Los perfiles ultraderechistas –como el general Michael Flynn y el asesor Steven Banon, ambos expulsados del Consejo de Seguridad Nacional– están siendo desplazados por el Pentágono y por republicanos tradicionales. Pero la ortodoxia no augura una política exterior más prudente. El ala neocon del partido, beligerante en política exterior, es la principal beneficiada.

Los neocons no están solos. Gran parte del Partido Demócrata, que hizo de la conexión de Trump con Rusia su principal caballo de batalla, carece de argumentos para oponerse a una guerra contra el régimen de El Asad. Horas antes de que Trump ordenase el ataque, Hillary Clinton se mostraba a favor de bombardear la fuerza aérea siria. Clinton no es precisamente una voz clamando en el desierto. Abundan los demócratas frustrados con Barack Obama, que les impidió, una vez tras otra, intervenir militarmente en Siria.

Pero el aliado indispensable de Trump en su nueva aventura belicista es la prensa, que se ha volcado en presentarle como un líder duro dispuesto a tomar decisiones difíciles. El caso es especialmente clamoroso entre tertulianos pretendidamente progresistas. Algunos, con Van Jones y Fareed Zakaria a la cabeza, se deshacen en halagos cada vez que el presidente amenaza con volar algo o a alguien en pedazos.

 

 

Siria no es el único país arrastrado por esta dinámica. En torno a 300 civiles (cuatro veces más que en el ataque químico) han muerto en Mosul, bombardeados por la fuerza aérea estadounidense, que pretende desalojar al Estado Islámico del noroeste de Irak. En Yemen, como en Siria, EEUU combate tanto a los extremistas islámicos como a sus rivales, apoyados en ambos países por Irán. Conviene recordar que Teherán es la bestia negra del movimiento neoconservador, así como de varios de los generales que copan la administración de Trump. Si la deriva actual se consolida, el acuerdo nuclear alcanzado por Obama tiene los días contados.

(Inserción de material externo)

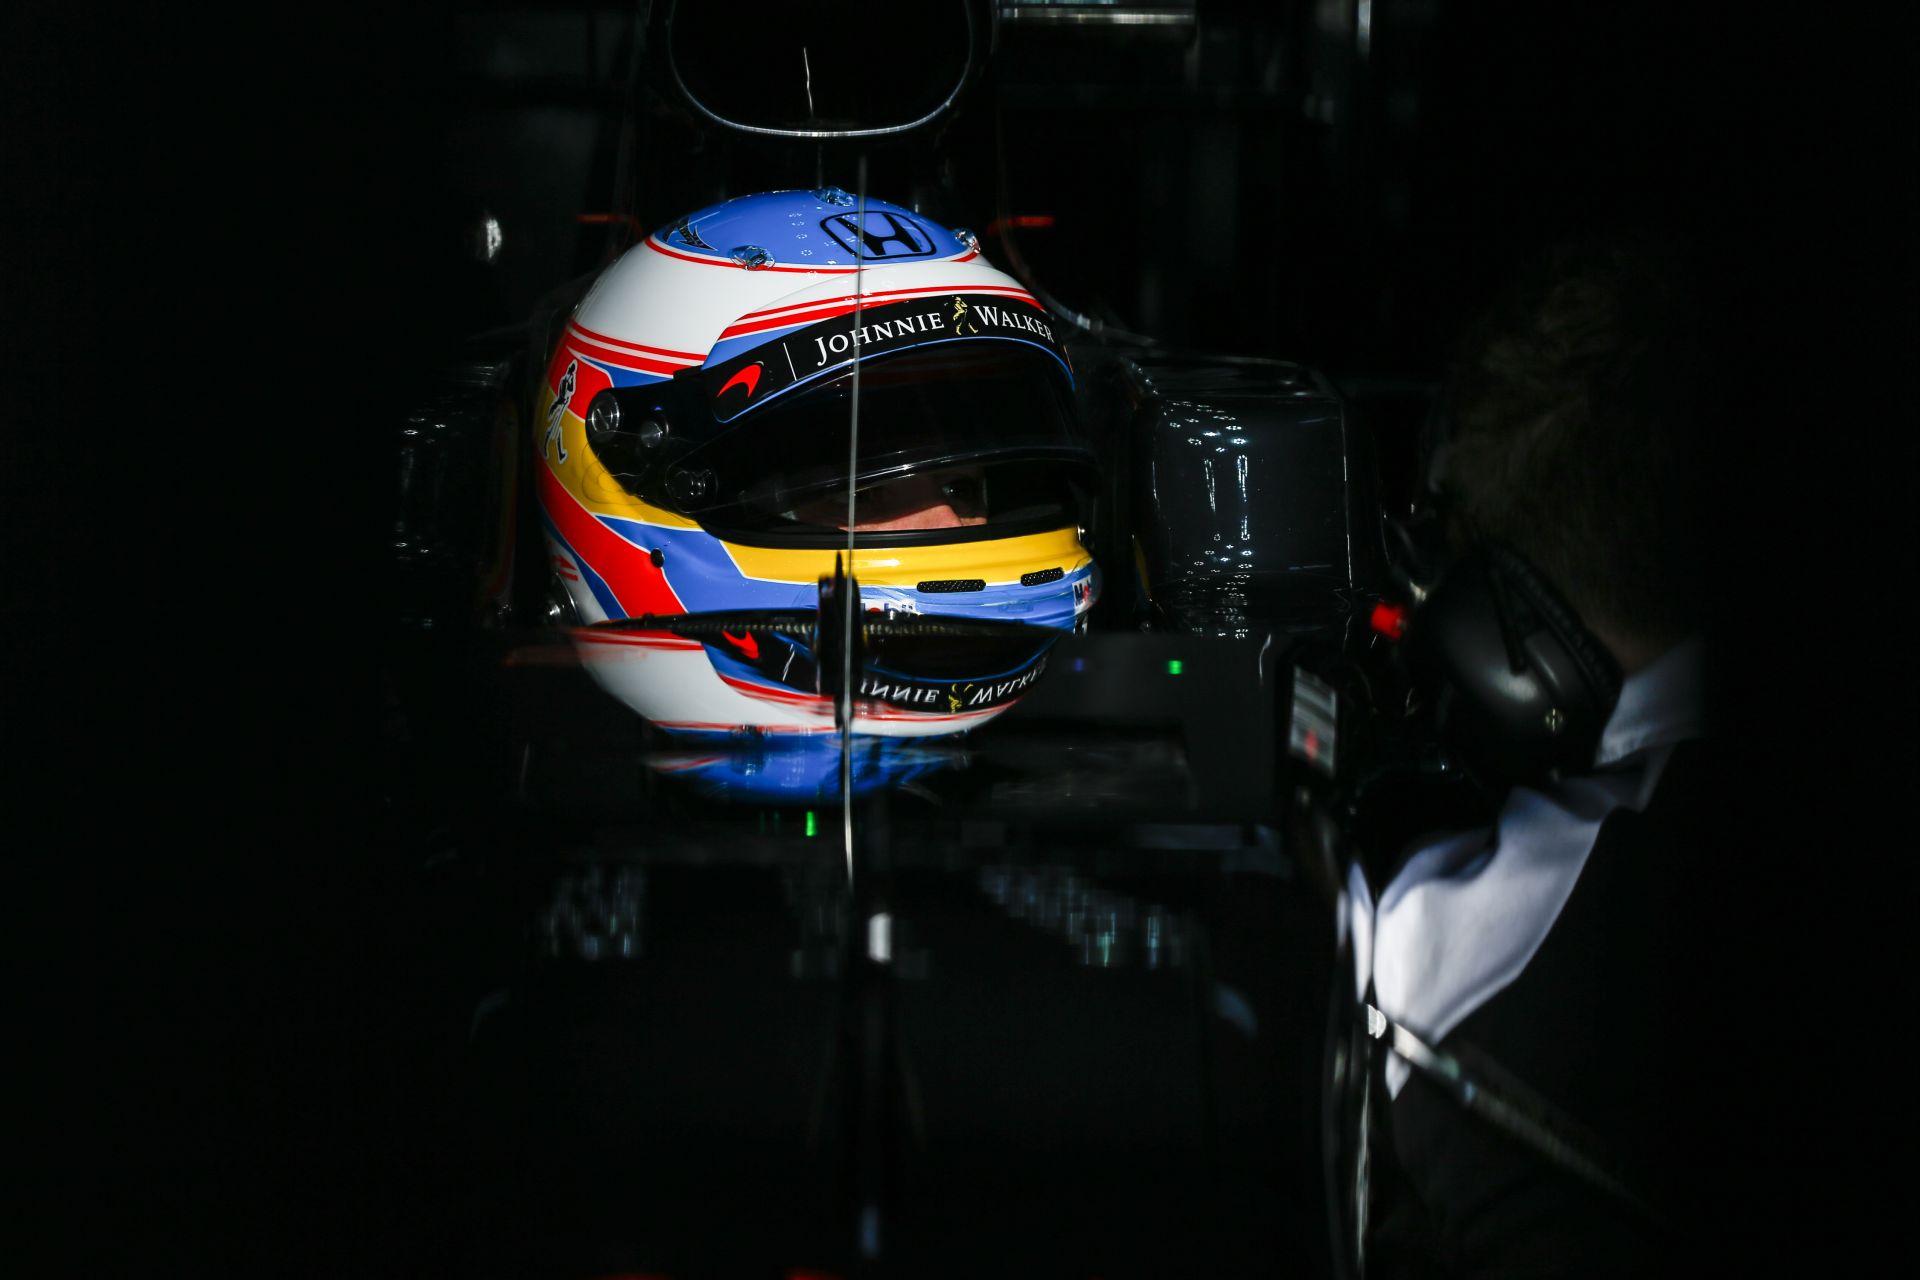 Csalódás és fejlődés egyszerre volt a McLarennél, mondja Alonso és a Honda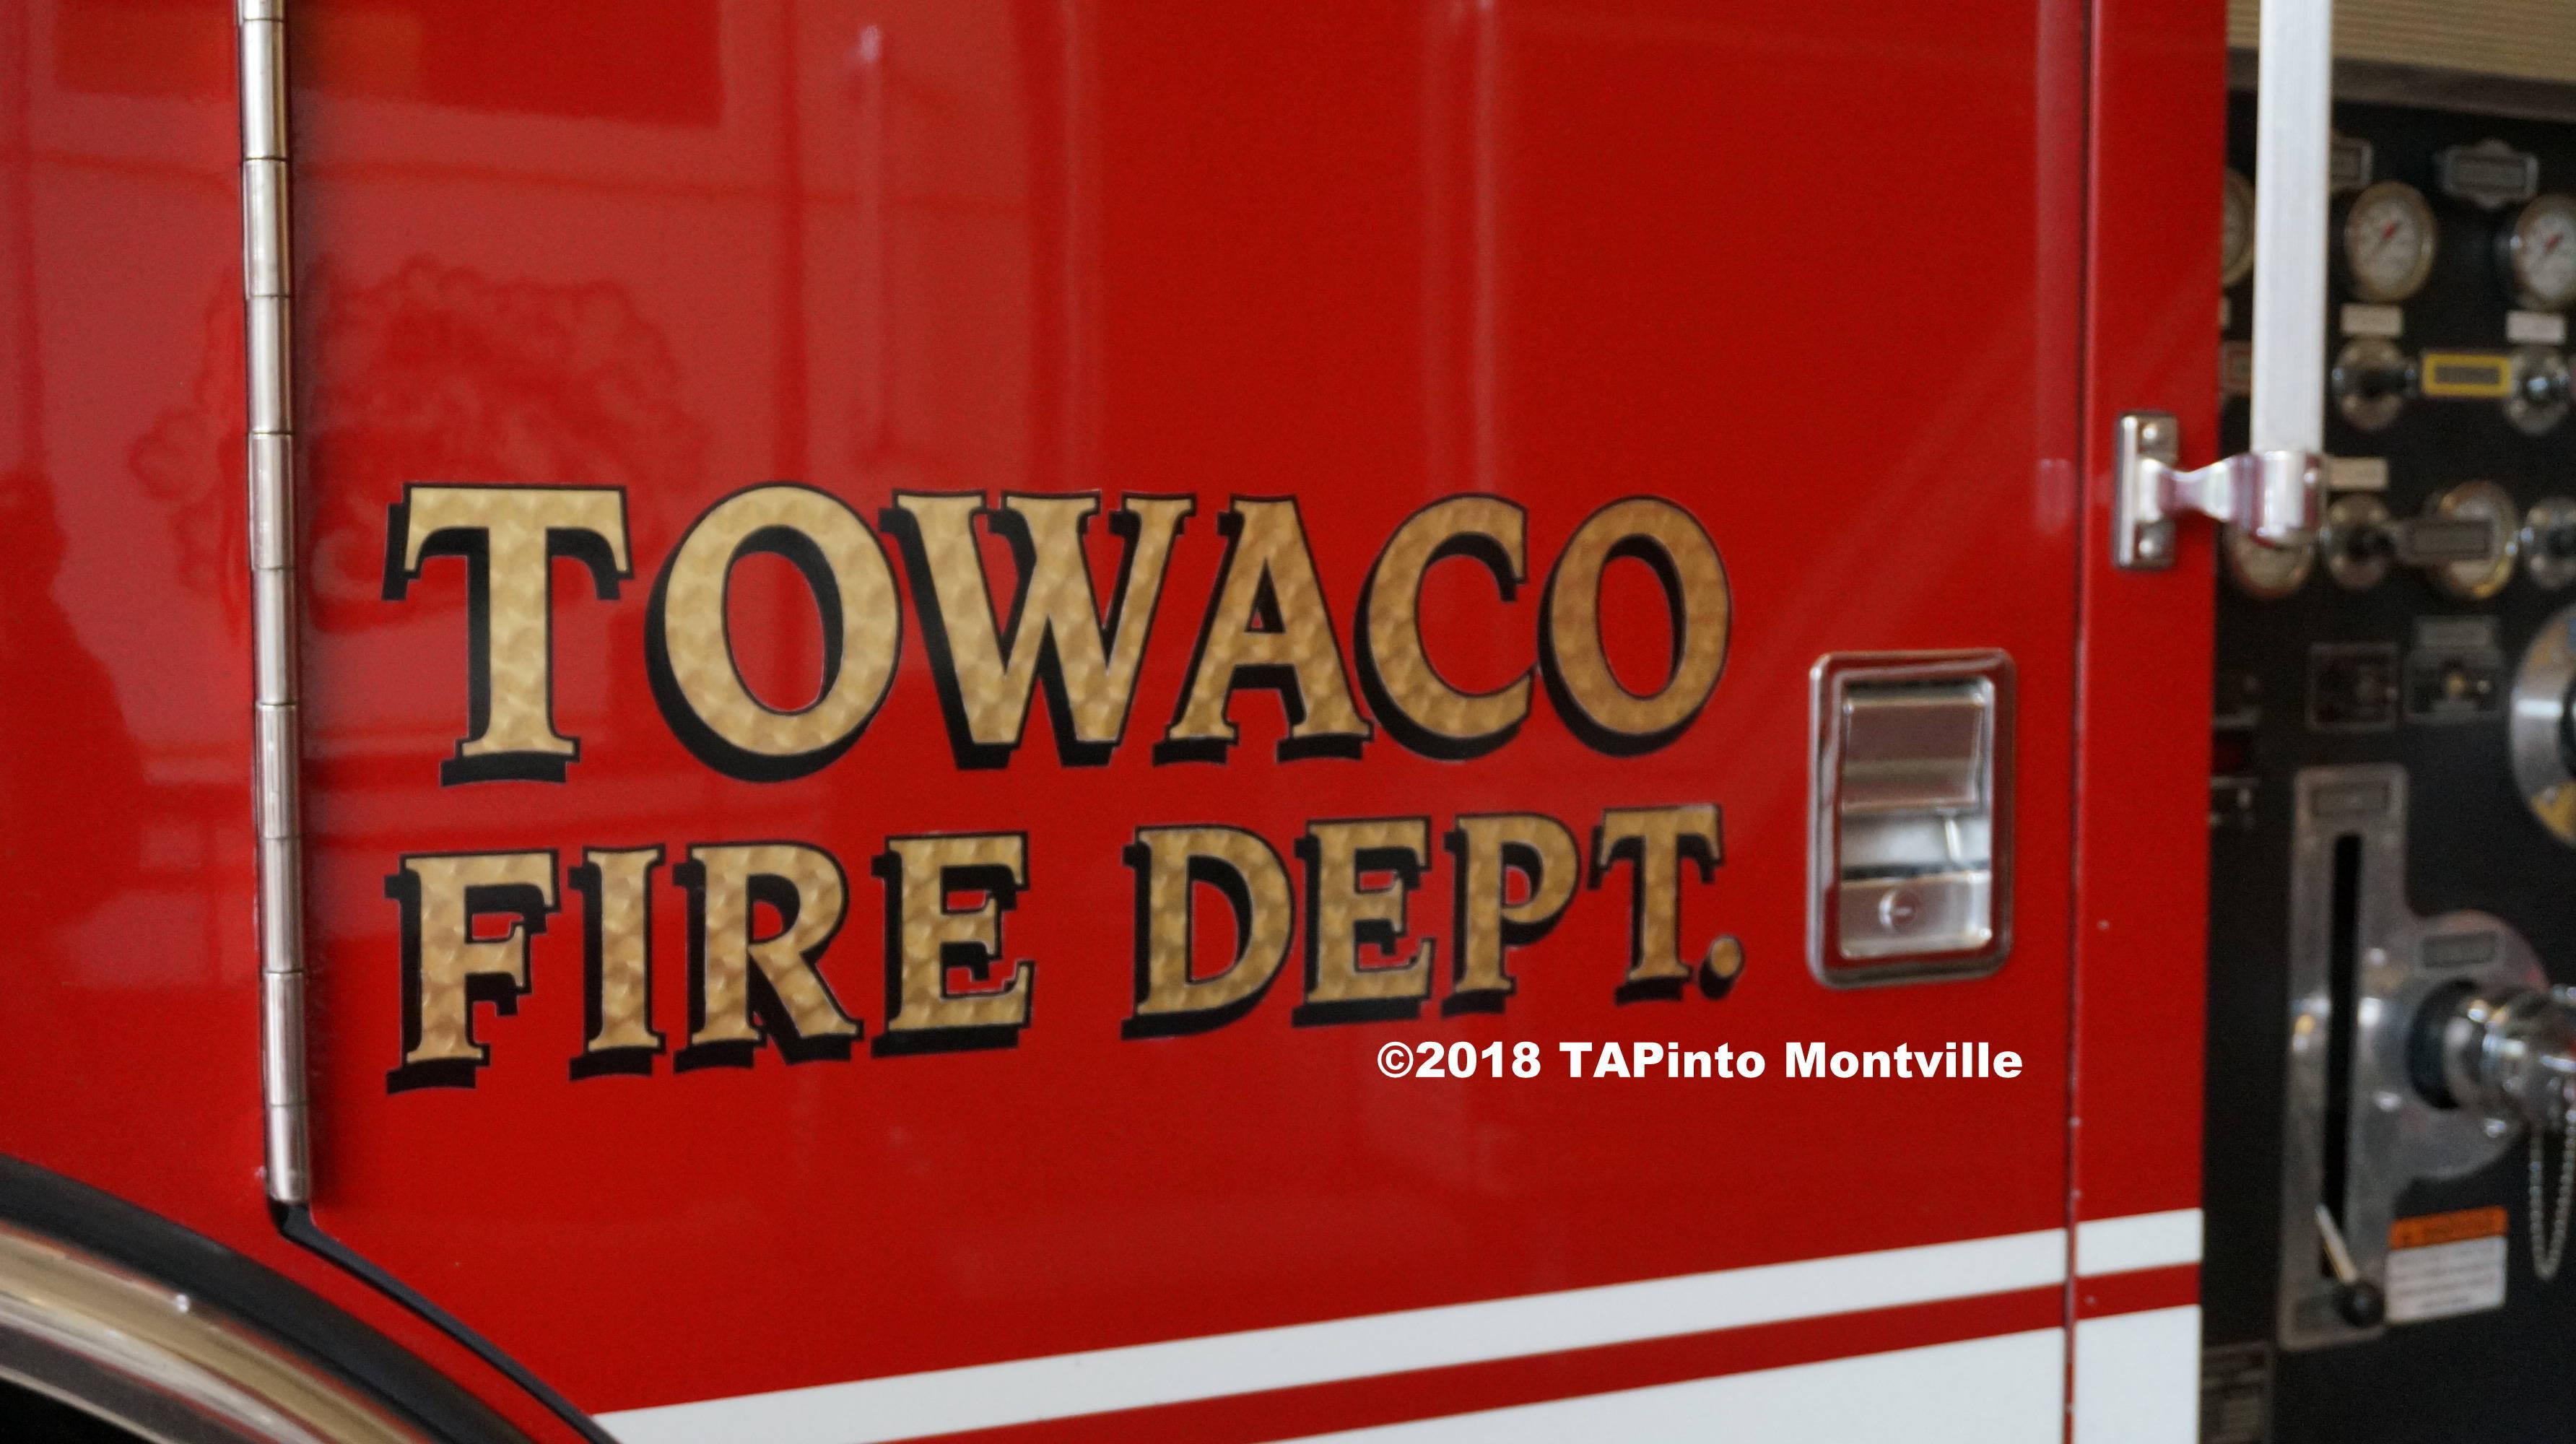 0307d1e8a373b30d7e6b_a_Towaco_Fire_Department__2018_TAPinto_Montville___1..JPG

Lo mismo puede decirse del deshielo entre Rusia y EEUU, tal vez la única idea razonable que Trump propuso durante la campaña presidencial.

El presidente está sumiendo al mundo entero en un cuadro aún más peligroso, violento y volátil que el actual. Lo hace con el aclamo de la prensa estadounidense, el entusiasmo de su partido, el beneplácito de una oposición desnortada y la indiferencia de un público que ya no es capaz de distinguir cuándo y en dónde su país está en guerra. Por la tarde, clase de natación.